The approaches with interviews during screening along with the capillary glucose result before the glucose load were useful for decision taking regarding patients’ suitability to proceed with the test. We must emphasize the necessity to verify the glucometer accuracy. The detection capacity of the monitor used in the study was compatible with the FDA recommendations and showed variation of 2.7% in comparison with the enzymatic method for glucose measurement. Observing blood glucose levels higher than 100 mg/dl (the interest of our study), the variation did not exceed 12 mg/dl, being in accordance with the tolerated by FDA(11). An analogous study with the glucose meter Accu-Chek Compact (Roche) also did not find a statistically significant difference between capillary and venous glucose blood levels, neither high correlation between results(22), what confirms the data from our study. Thus, the use of the glucometer in the screening of OGTT proved adequate for its aim. It is important to highlight that the use of this instrument in the laboratory must go through previous validation according to current rules(23, 24).

Evidence points that patients’ clinical characteristics, type and form of handling the instrument used to measure glucose can interfere in the accuracy and reliability of results(25). Therefore, it is recommended that the professional is qualified for correctly handling the glucose meter.

CONCLUSION

This study demonstrated that there is a significant prevalence of unnecessary OGTT requests, including for groups with well-established request criteria, what is the case of pregnant women. The undervaluing of the previous clinical history and the non-observance of criteria for follow-up and diagnosis of DM seem to have contributed to the great prevalence of those requests.

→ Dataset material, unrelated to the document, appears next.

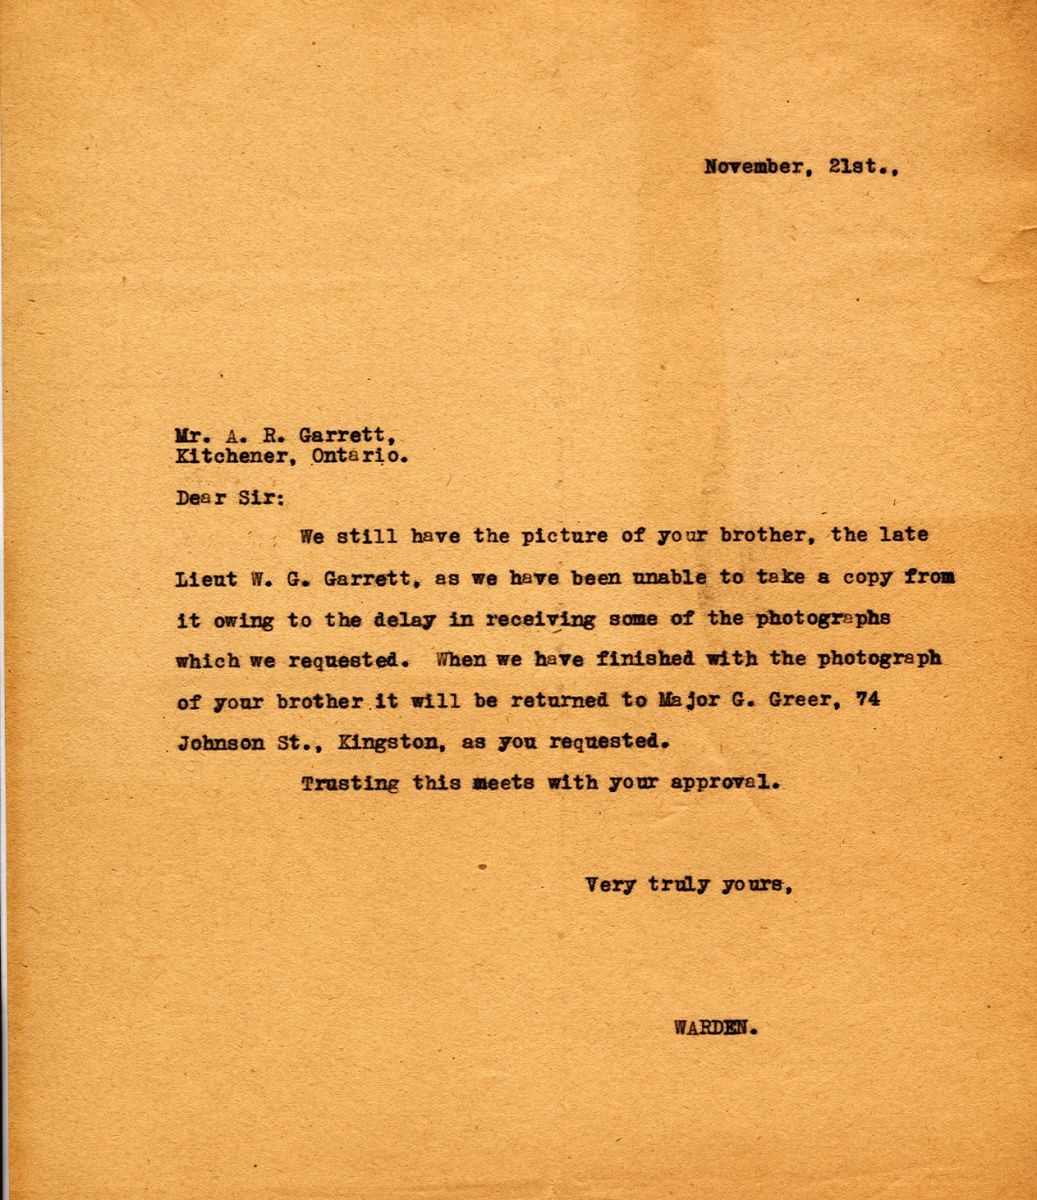 Letter from the Warden to Mr. A.R. Garrett, 21st November
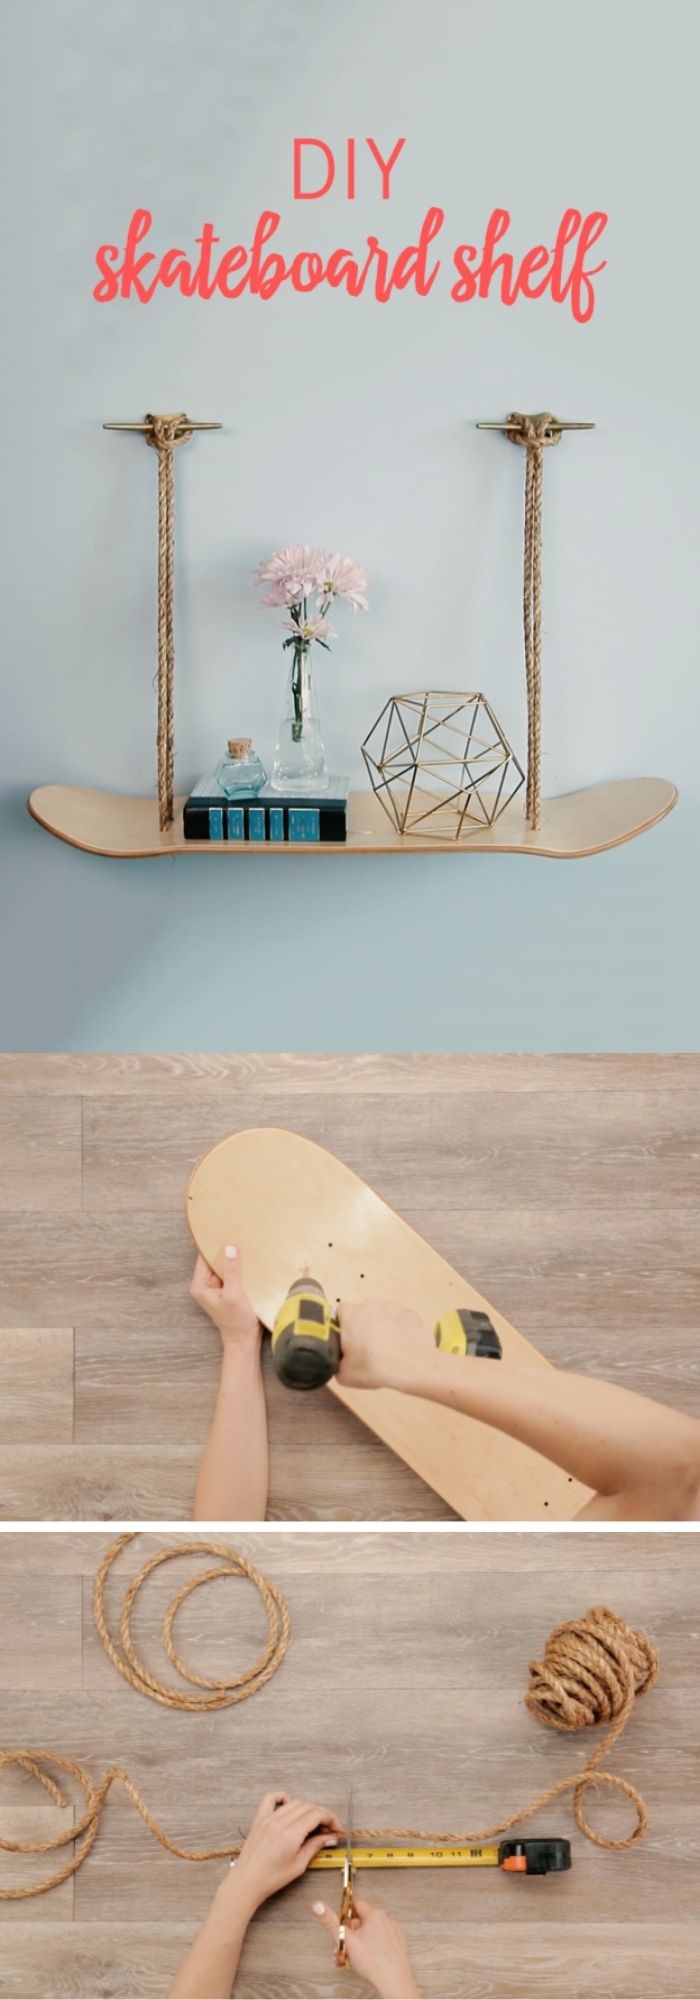 DIY Skateboard Shelf Easy DIY Bookshelf Ideas and Plans

Laboratory tests are the most frequently used diagnostic interventions to support clinical decisions. However, it is necessary that prescribers and laboratory professionals promote their rational use. Professional updating by a guide of criteria for OGTT requests is a viable strategy to be adopted for prescribers’ instruction.

The glucometer used in this study presented analytical sensitivity, linearity, and high correlation with the reference method, being compatible with the standards established by the FDA. Moreover, it proved adequate to foresee unnecessary OGTTs, since it is validated and monitored. The cut-off limit of capillary blood glucose ≥ 140 mg/dl established to assess patients’ suitability before glucose load proved efficient, as all the patients detected by this parameter fit in unnecessary requests. The avoidable costs generated by the unnecessary requests can be directed to other tests to the follow-up of patients with DM, aimed at detecting chronic complications that significantly increase the healthcare costs of patients with diabetes.

Furthermore, it is worth noting that entities ruling laboratories need to recommend the adoption of pre-OGTT screening practices, to avoid glucose loads to patients known to be diabetic and prevent the conduction of unnecessary tests.